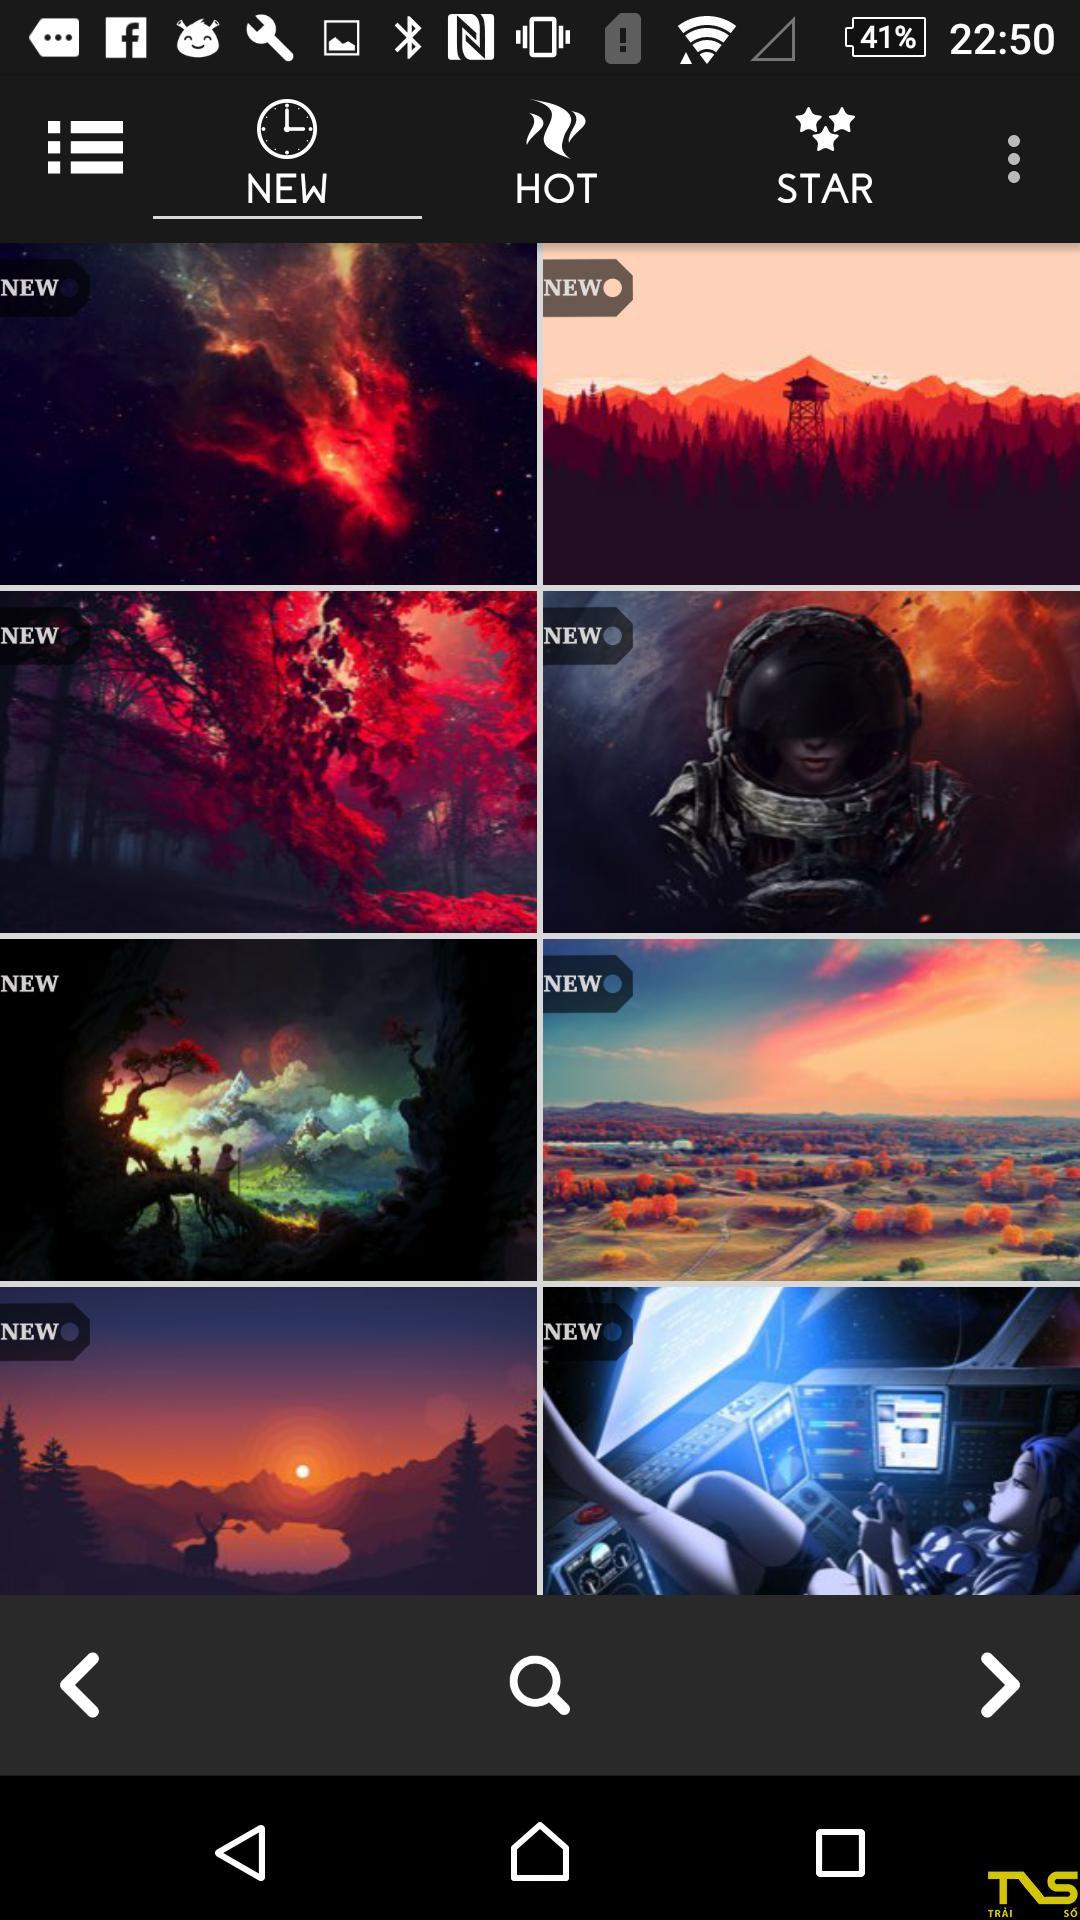 Screenshot 2017 10 18 22 50 23 - Một triệu hình nền đẹp cho Android miễn phí
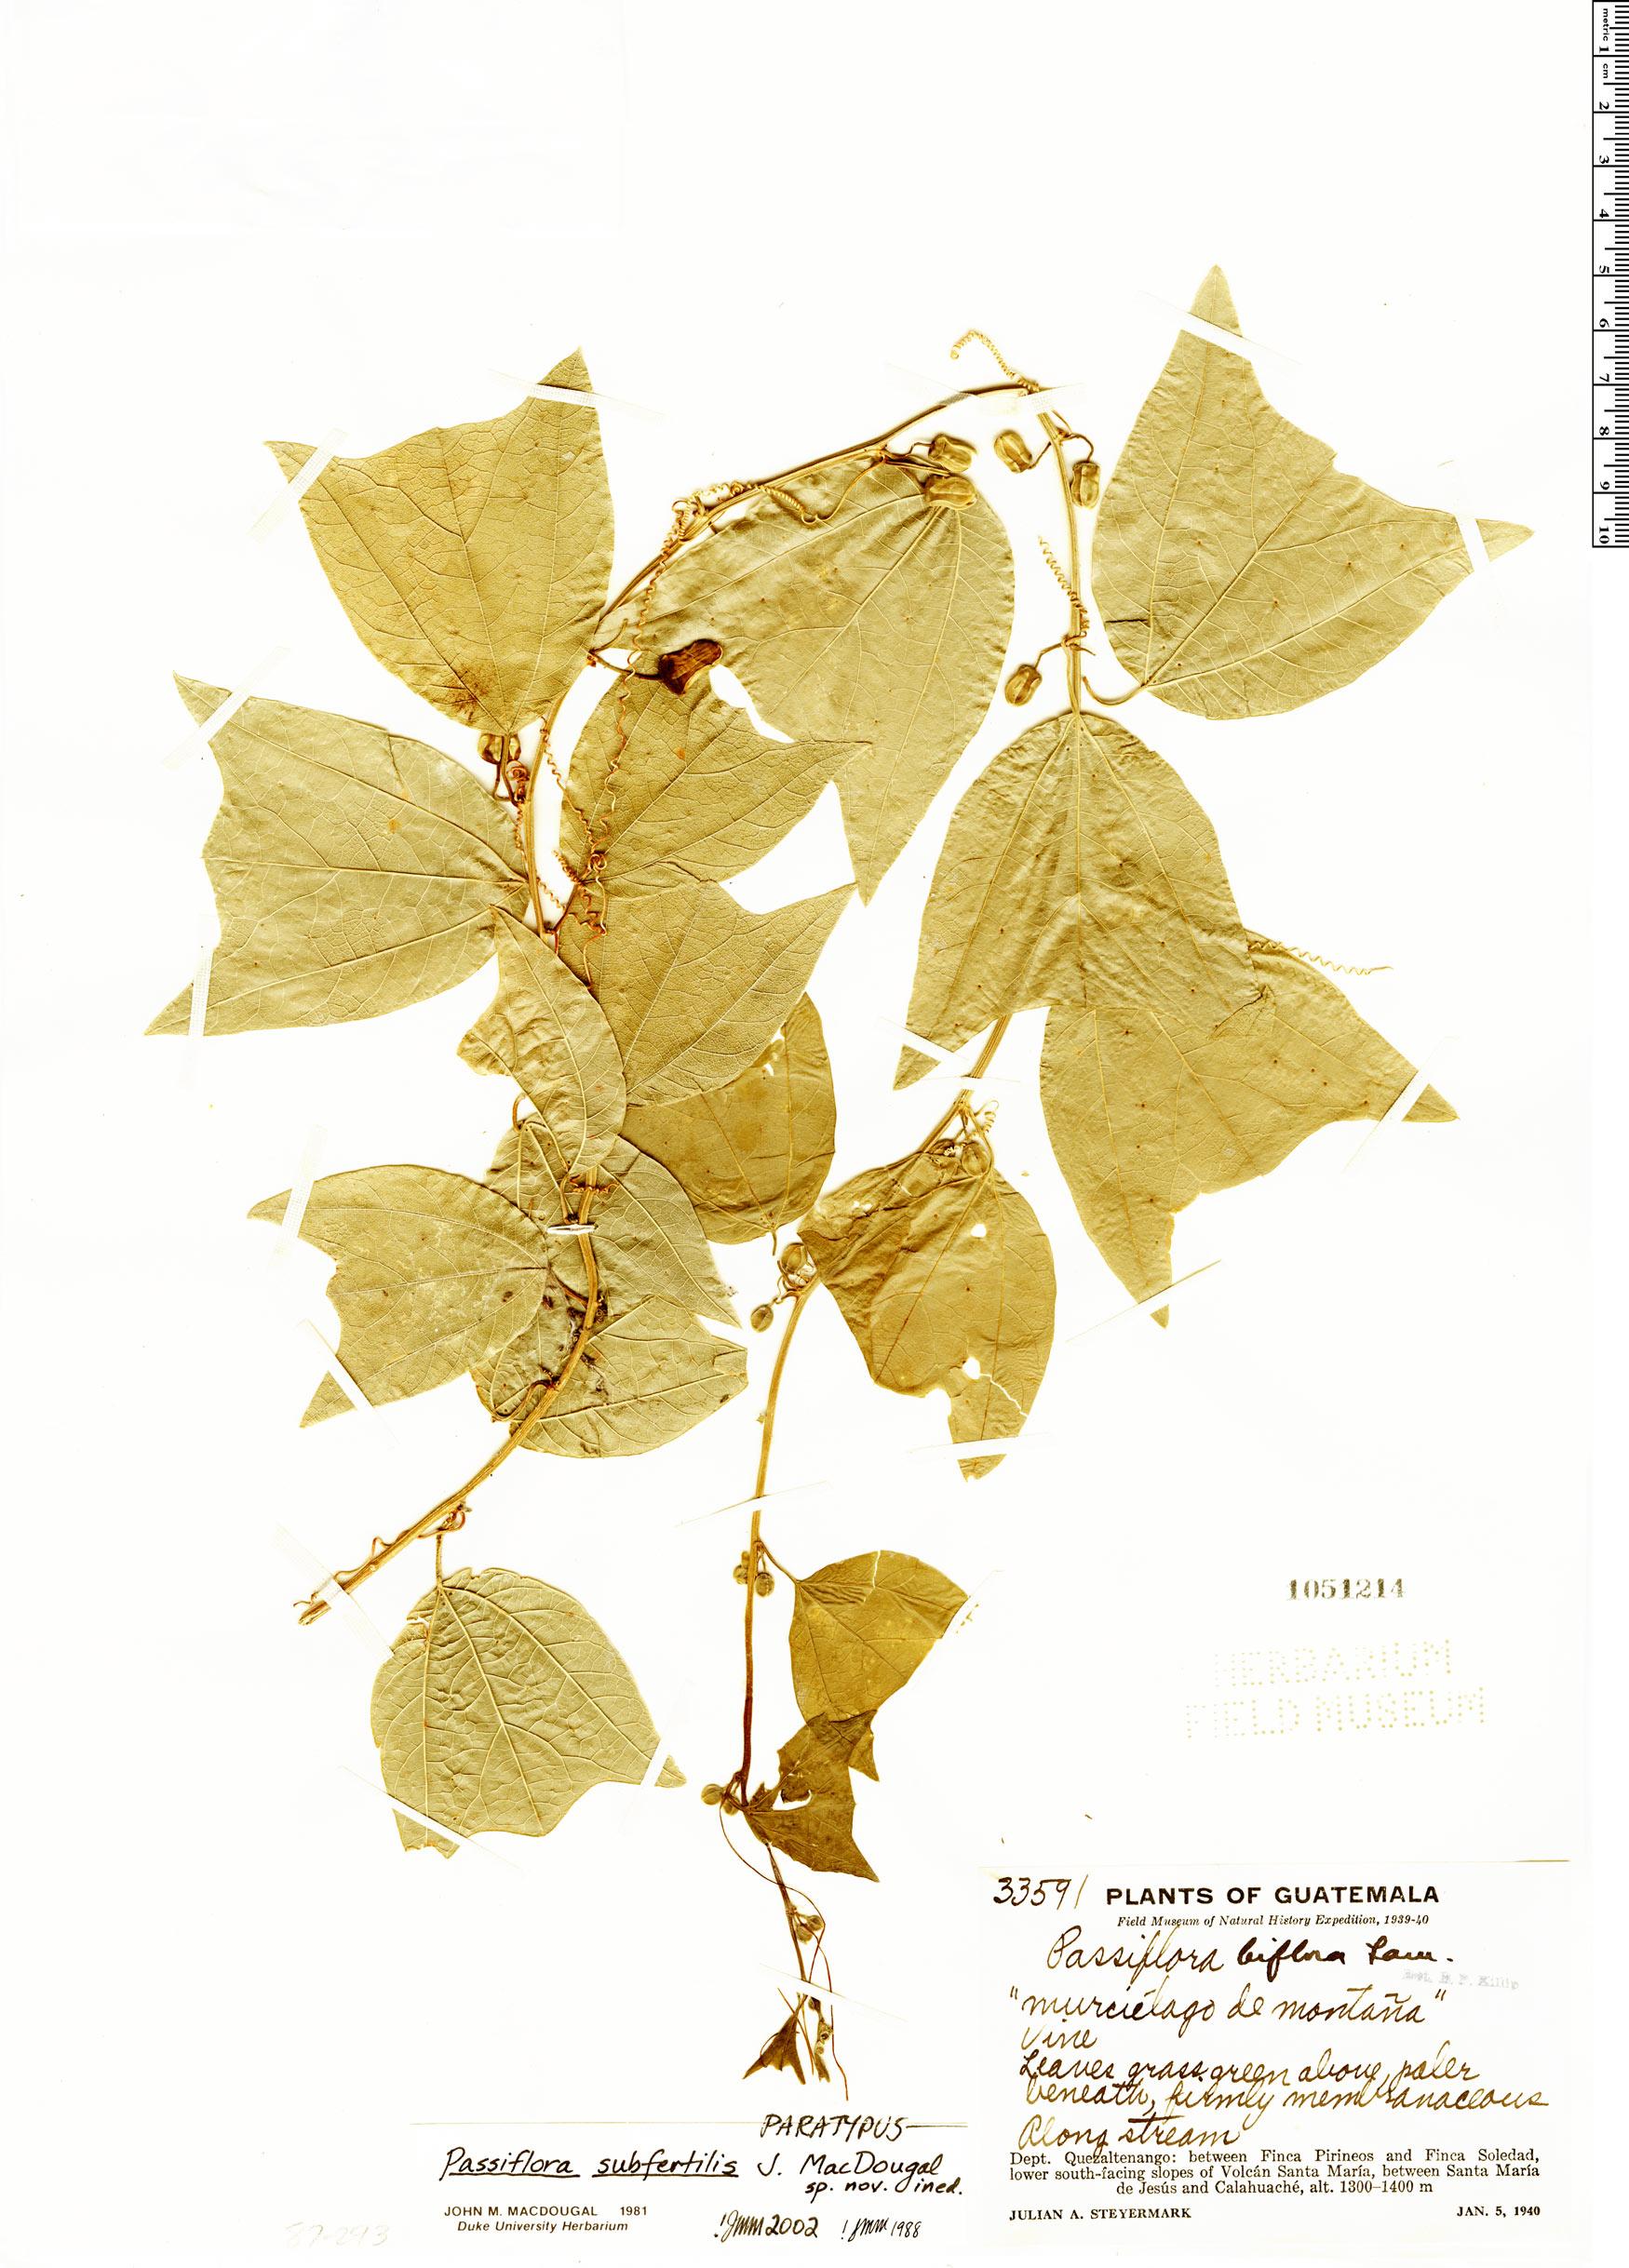 Specimen: Passiflora subfertilis
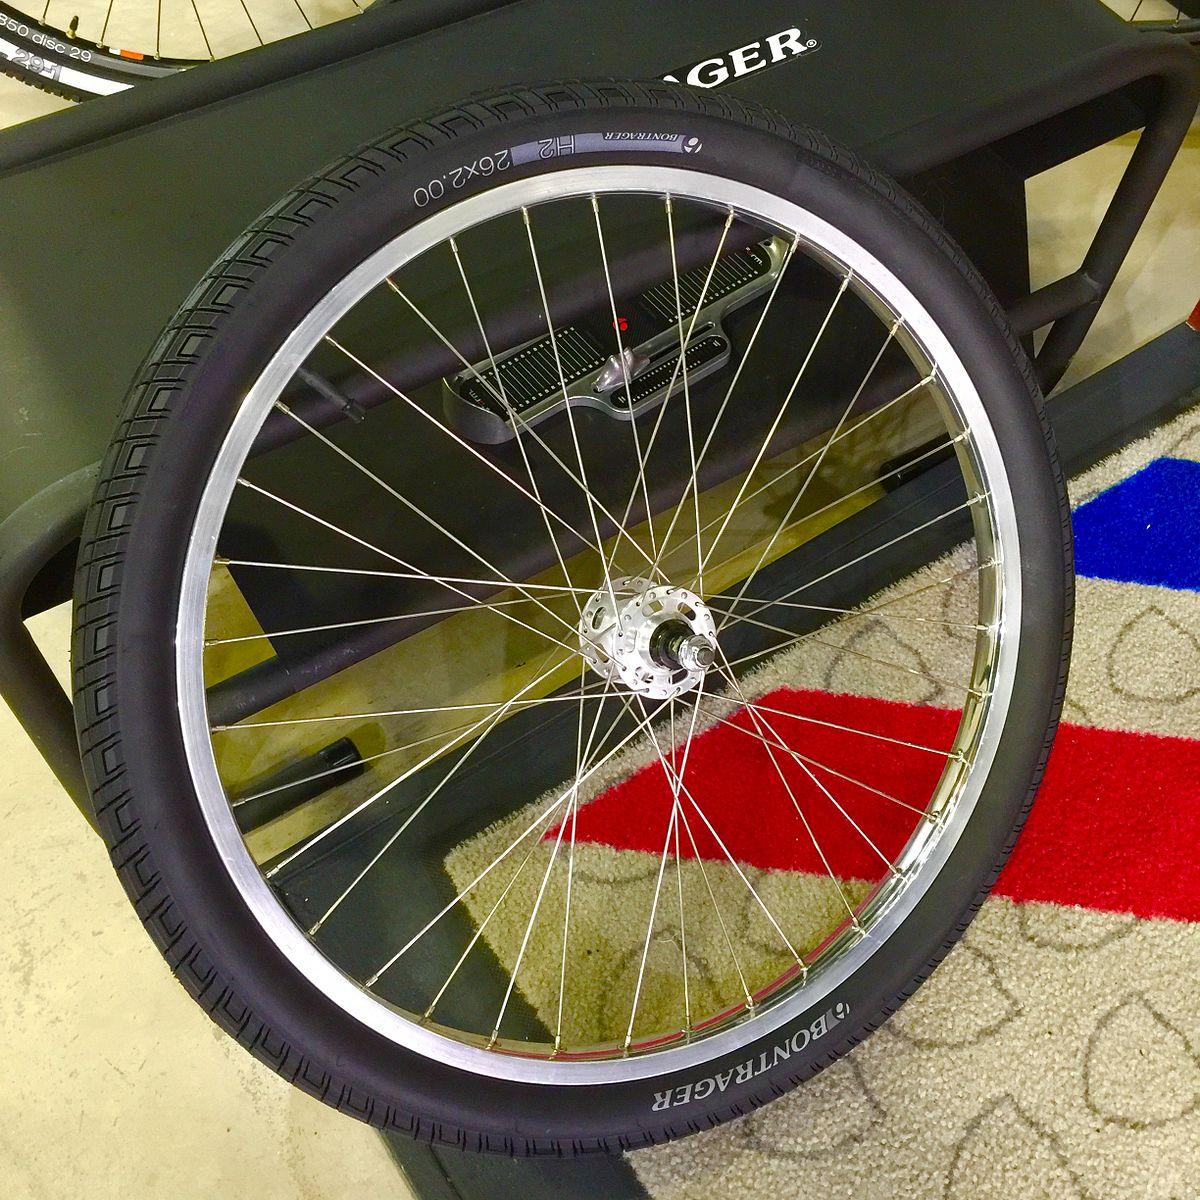 Rueda de bicicleta - Wikipedia, la enciclopedia libre
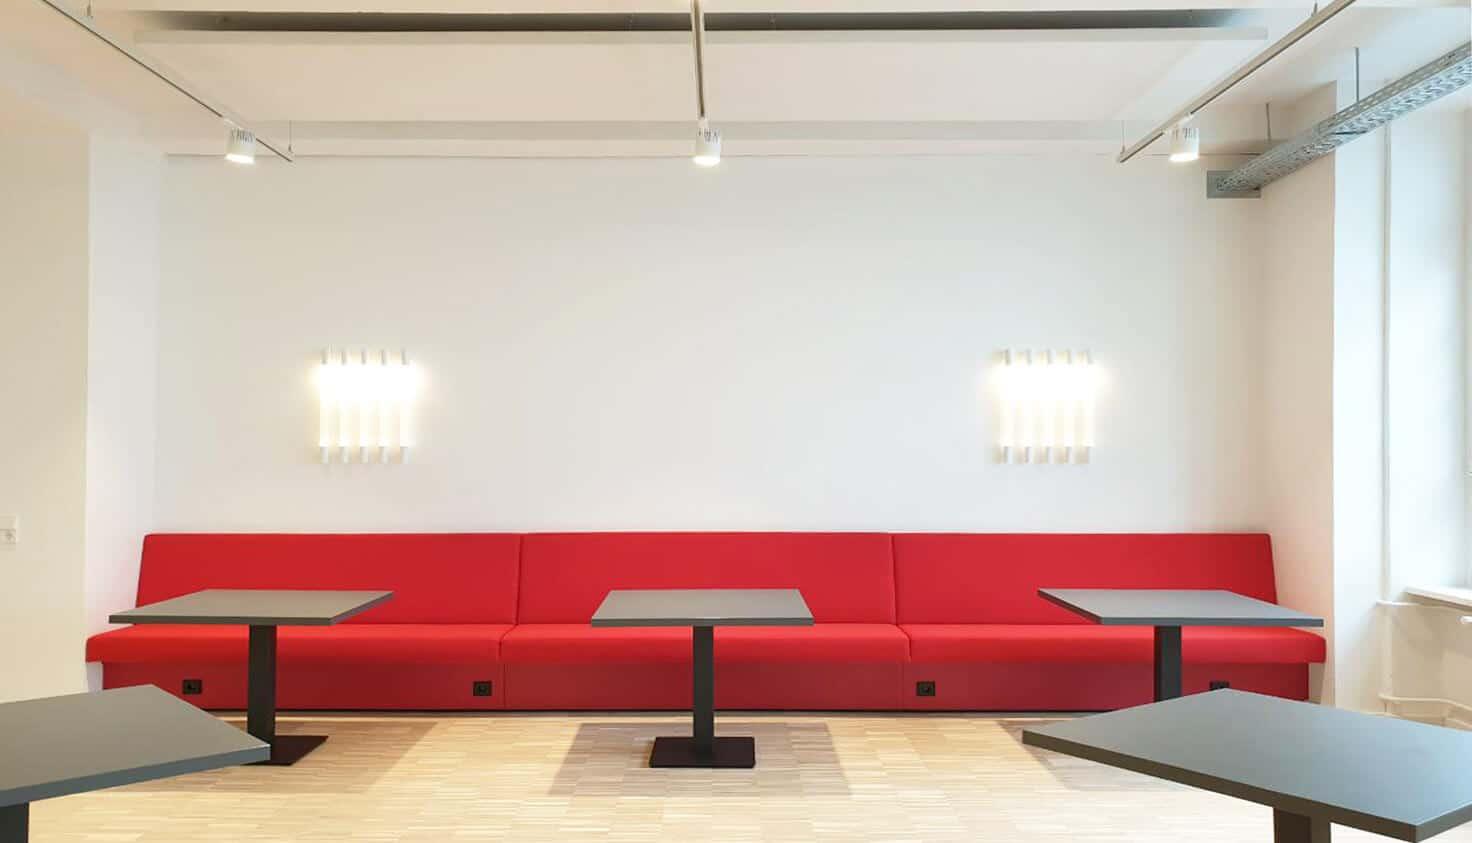 13-luxusbüros-referenz-malerbetrieb-kluge-berlin

WORK REQUIRED — Type the lines above out again exactly as they appear, skipping every picture.

REPLY —
 Screenshot 2017 10 18 22 50 23 - Một triệu hình nền đẹp cho Android miễn phí
 Specimen: Passiflora subfertilis
 Rueda de bicicleta - Wikipedia, la enciclopedia libre
 13-luxusbüros-referenz-malerbetrieb-kluge-berlin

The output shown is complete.